Scientists mark a milestone with PlanetNet as the "deep learning" approach passes its first demonstration with flying colors, mapping out a Saturn storm in great detail.
It's a new approach that's expected to significantly increase scientists' understanding of planetary atmospheres.
"PlanetNet enables us to analyze much bigger volumes of data, and this gives insights into the large-scale dynamics of Saturn," explained co-author Caitlin Griffith, a professor at the University of Arizona, in a news release from the university. "The results reveal atmospheric features that were previously undetected."
A Closer Look At Saturn
The study, published in the journal Nature Astronomy, reveals how the team of scientists used PlanetNet to map out the turbulent regions of Saturn's atmosphere.
PlanetNet uses infrared data collected by the Visible and Infrared Mapping Spectrometer instrument on NASA's Cassini spacecraft. For this new study, the researchers used the deep learning algorithm to take a closer look at a dataset of storm system observed back in February 2008.
Previous analysis of this dataset identified the rare presence of ammonia in the planet's atmosphere, taking on the form of an S-shaped cloud.
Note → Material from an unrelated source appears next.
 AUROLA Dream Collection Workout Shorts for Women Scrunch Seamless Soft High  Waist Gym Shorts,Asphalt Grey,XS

With the map produced by PlanetNet, the team discovered that this cloud is actually part of a more massive upwelling of ammonia ice clouds surrounding a dark storm. Plus the scientists spotted a similar feature around another smaller storm, which means that upwellings of ammonia ice clouds are common in Saturn.
The map also showed that there are significant differences between the center of the storms and its surrounding regions.
How PlanetNet Works
Developed by scientists from UA and University College London, PlanetNet works by first scanning the data for signs of clustering in the atmosphere's cloud structure and gas composition. Then the algorithm removes uncertainties and analyzes spectral and spatial properties.
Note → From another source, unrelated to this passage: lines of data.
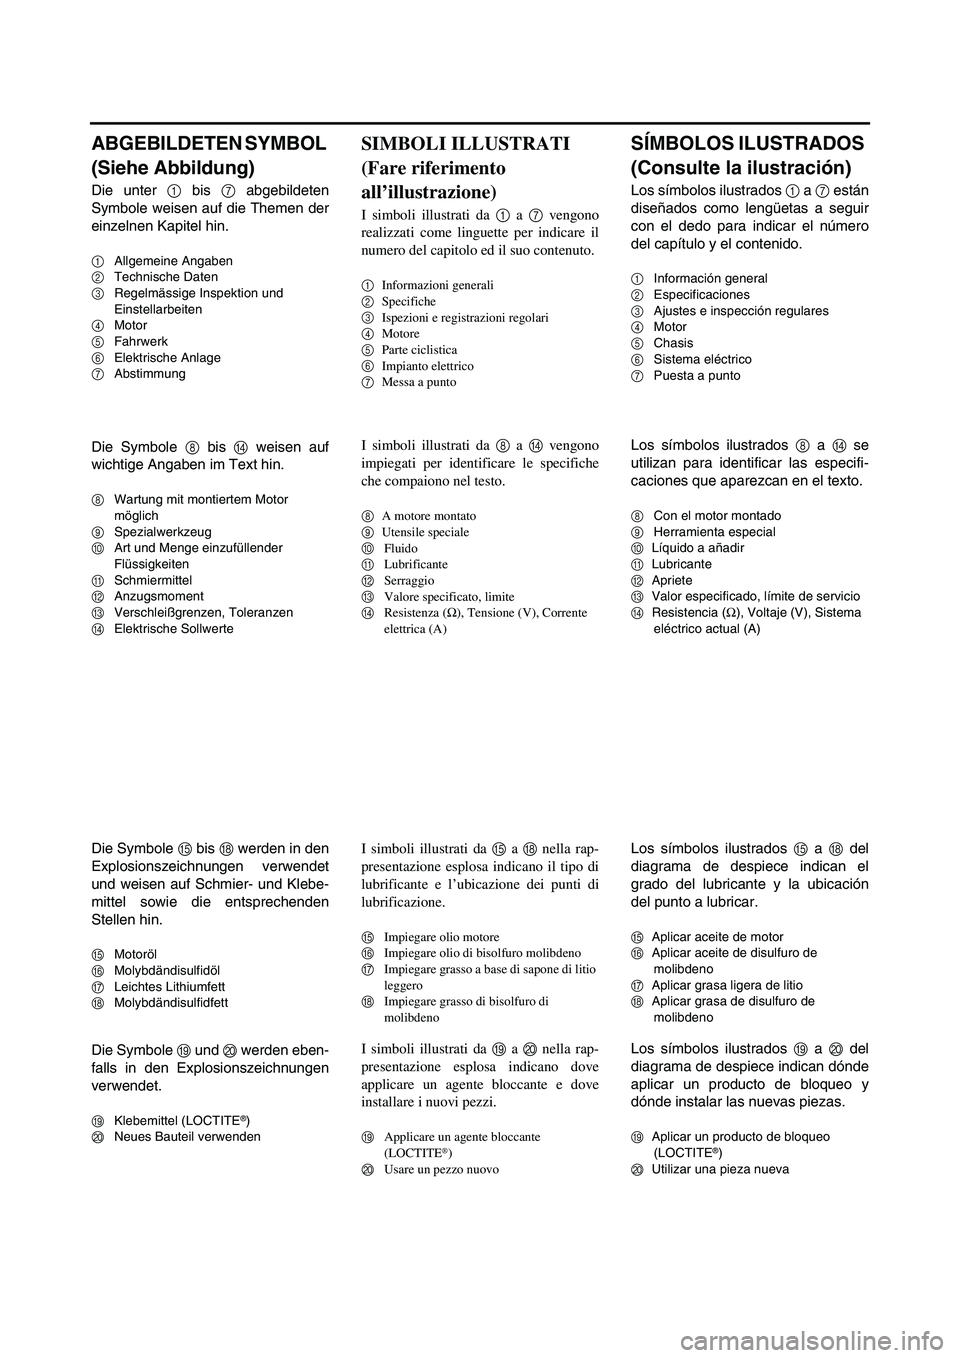 YAMAHA WR 250F 2003  Notices Demploi (in French) ABGEBILDETEN SYMBOL 
(Siehe Abbildung)
Die unter 1 bis 7 abgebildeten
Symbole weisen auf die Themen der
einzelnen Kapitel hin.
1Allgemeine Angaben
2Technische Daten
3Regelmässige Inspektion und 
Eins

With all these data combined, PlanetNet is able to produce a map that features the major components of Saturn's storms with unprecedented and unparalleled precision.
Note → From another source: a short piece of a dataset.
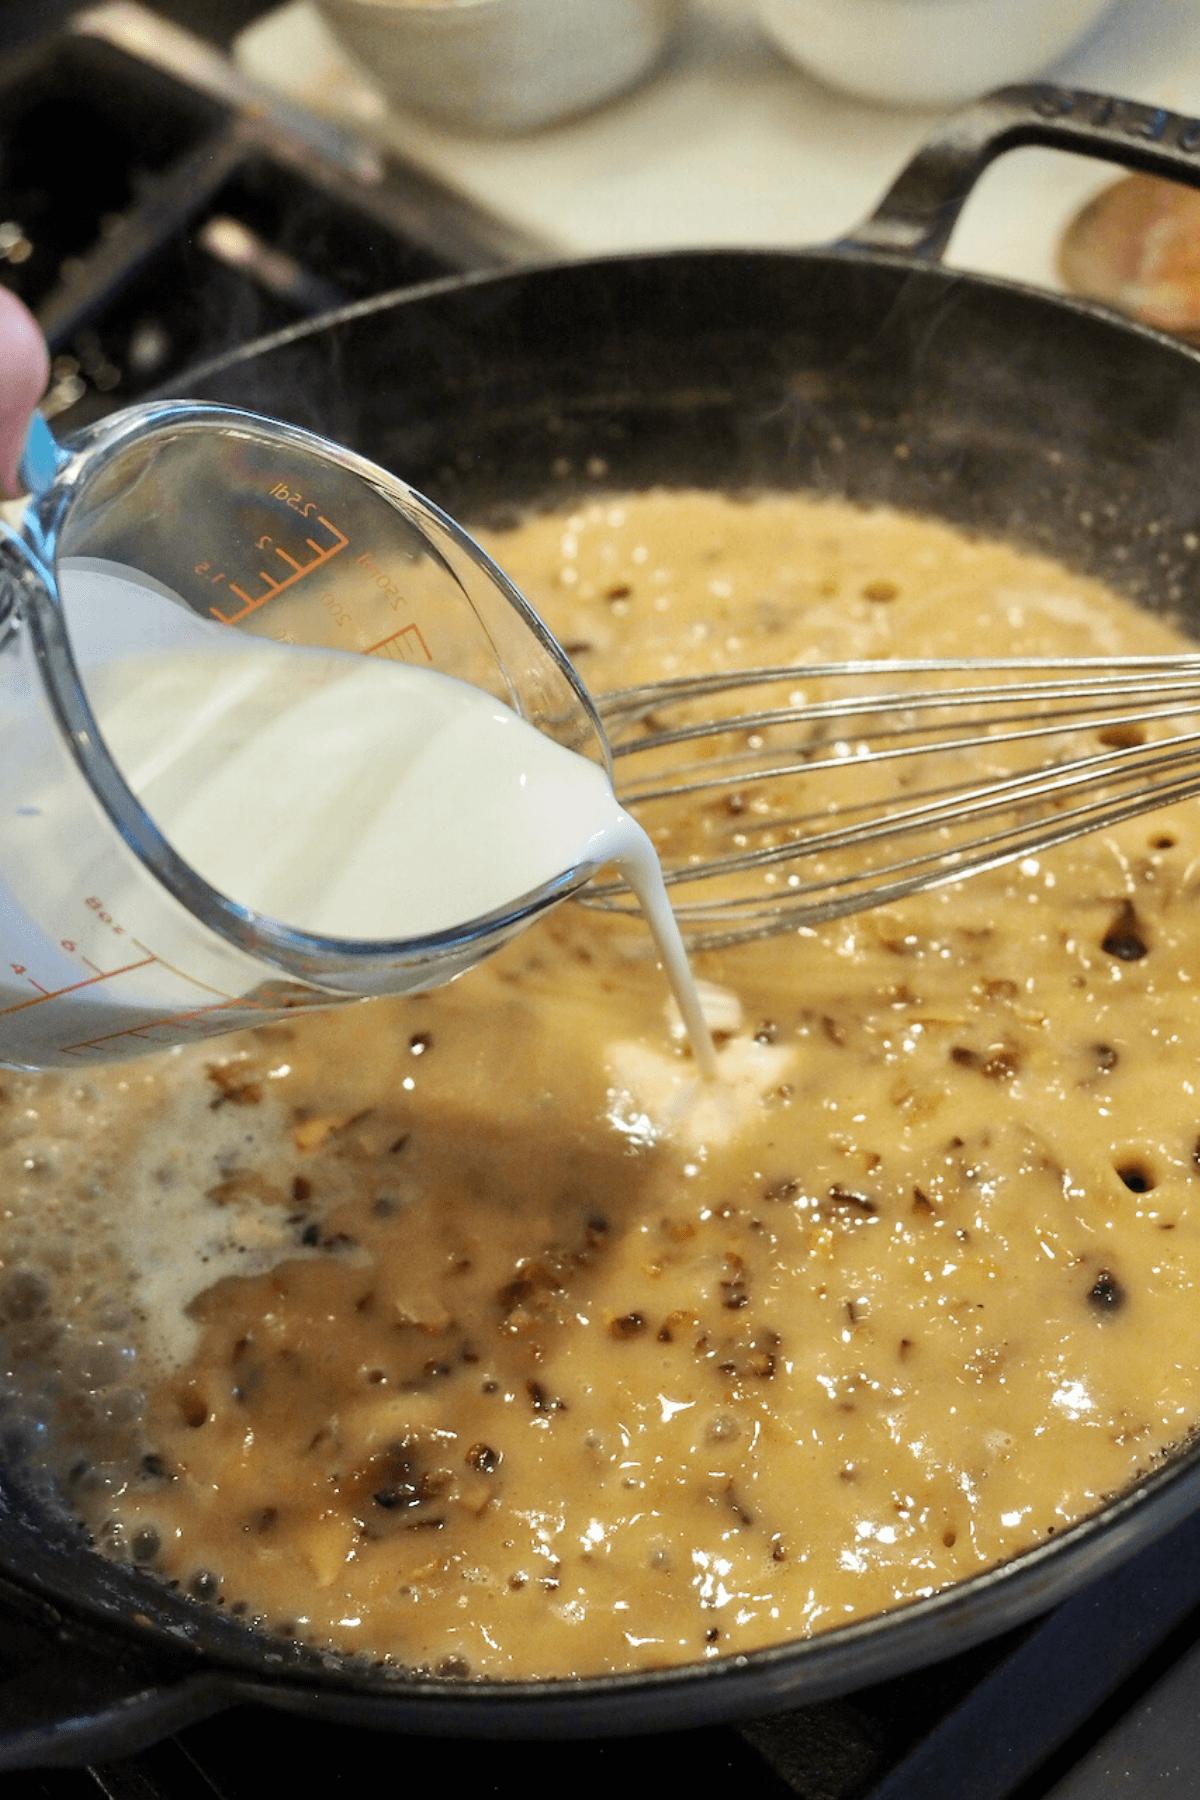 Adding cream to the flour roux mixture.

According to Griffith, the algorithm can easily be applied to other planets and datasets, making it an invaluable potential tool in future research.
Ingo Waldmann, lead author and deputy director of the UCL Centre for Space and Exoplanet Data, added that while Cassini and other similar missions are capable of gathering data, traditional analysis techniques have limitations, from accuracy to length of time.
"Deep learning enables pattern recognition across diverse, multiple data sets," explained Waldmann. "This gives us the potential to analyze atmospheric phenomena over large areas and from different viewing angles, and to make new associations between the shape of features and the chemical and physical properties that create them."